I draw a shallow, ragged breath.

Screw. This.

For the sake of my career, I’ve been obliged to put on a front for years. There was no getting around it—Phil Graham is one of the biggest names in American hockey. It was either air all our trauma for the world to see or fake the happy family. I’d chosen the latter, because the former is too…Christ, it’s too humiliating.
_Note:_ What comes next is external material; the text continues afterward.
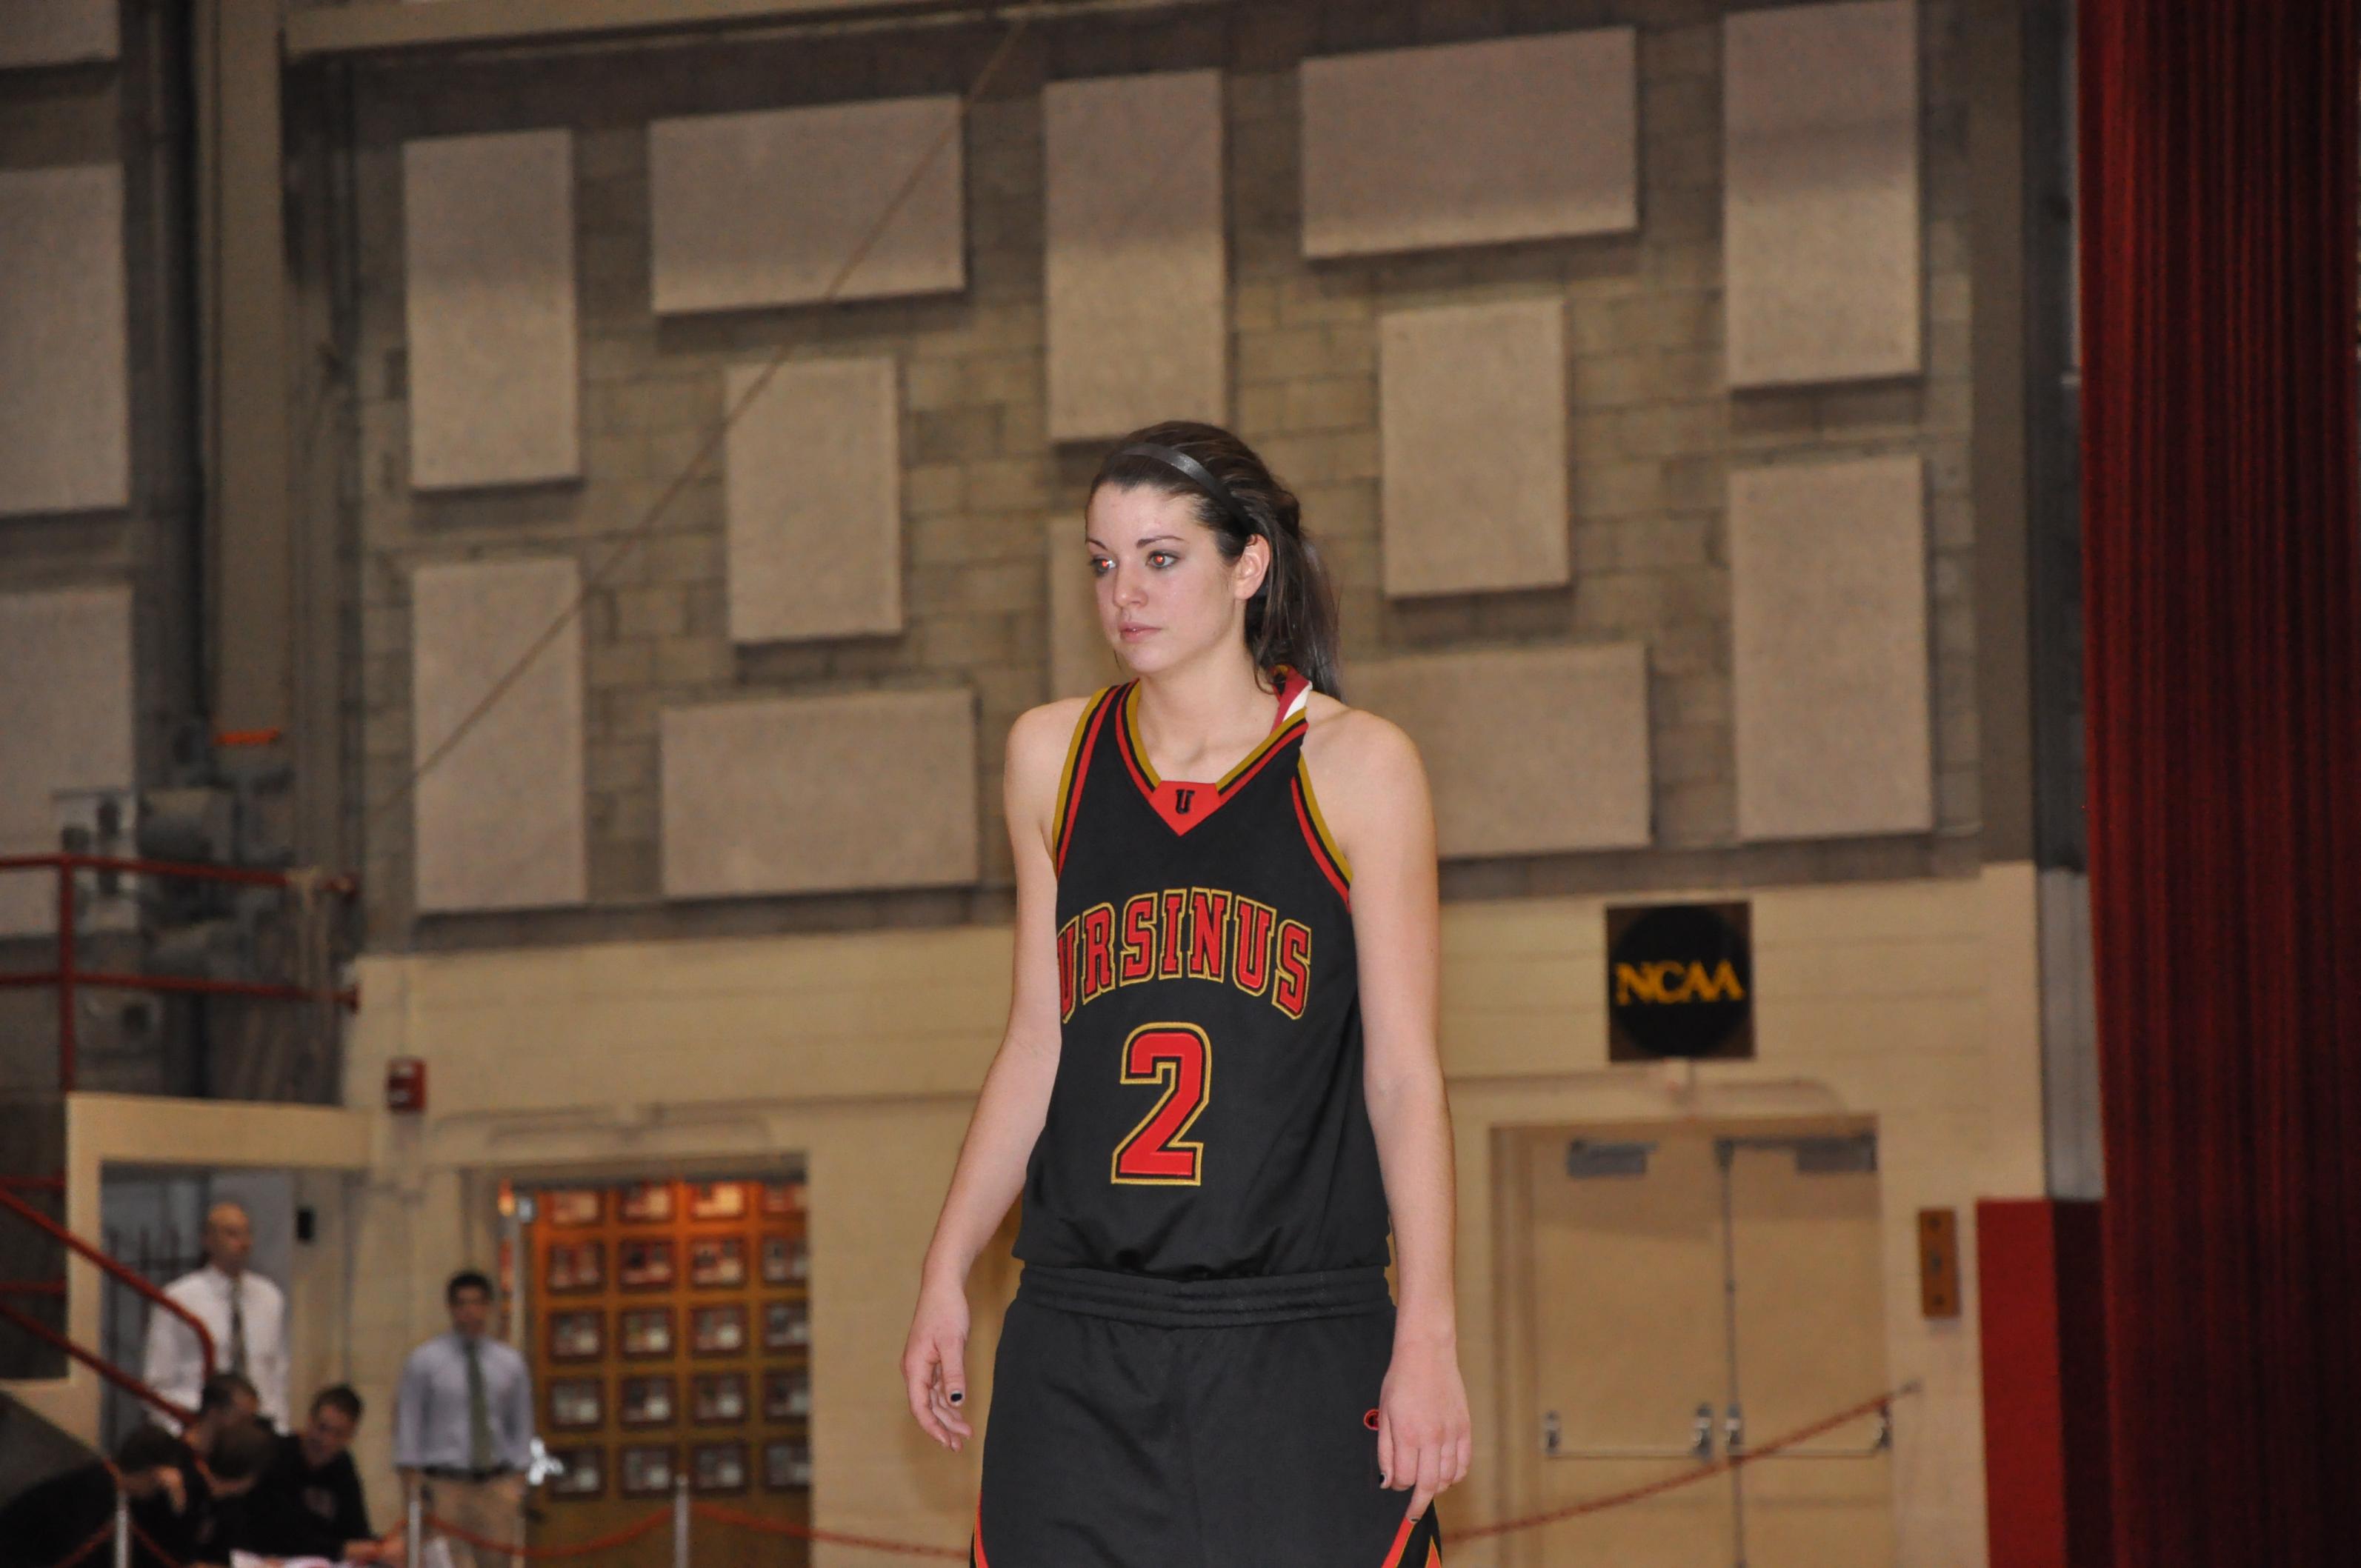 Women's Basketball ices Haverford, 67-51

The idea of the entire world viewing me as some sort of victim makes me want to throw up. Hannah has brought it up before, asking if maybe it’s time to let my father’s actions come to light, to let everyone know what kind of man they’ve been deifying. But at what cost? Suddenly I go from being “hockey player” to “the hockey player whose daddy used to beat him up.” I want to be judged for my skills on the ice, not dissected and pitied. I don’t want strangers knowing my business. I feel sick just thinking about it.

These past few years, I’d been fine playing along, putting on that front. Now, for some inexplicable reason, my dad seems intent on making my life especially difficult.

The last thing I want, however, is some nosy sports reporter snooping around in my life. If they track down Coach Jensen at Briar University, I have no doubt my old coach would have my back. Chad Jensen is tight-lipped on a good day. If someone showed up in his arena asking for gossip about a former player, he’d rip them a new one. But I can’t say the same for everyone in my life. I played with a lot of guys at Briar who knew I had a violent history with my father.

So despite the acid rising in the back of my throat, I have no choice but to do exactly what that asshole expected when he concocted this farce.

“Fine,” I tell Landon. Hating every word as it comes off my tongue. “I’ll do it.”

After we get off the phone, I pull up my father’s name on my contacts list. I can’t remember the last time I actually called him. But if he’s roping me into this, I’m not going quietly.

“Garrett. Good to hear from you. Ready to hit some balls?” he says, so goddamn unbothered, it spikes my already-heightened anger. He isn’t even involved in the tournament, but he makes it his business to always know what I’m up to.

“What the hell are you playing at?” My voice is low. The rage barely restrained.

“I’m sorry?”

He seriously has the nerve to play dumb? “This interview nonsense. Why?”

“They came to me,” he replies with feigned innocence. “Didn’t see a good reason to say no.”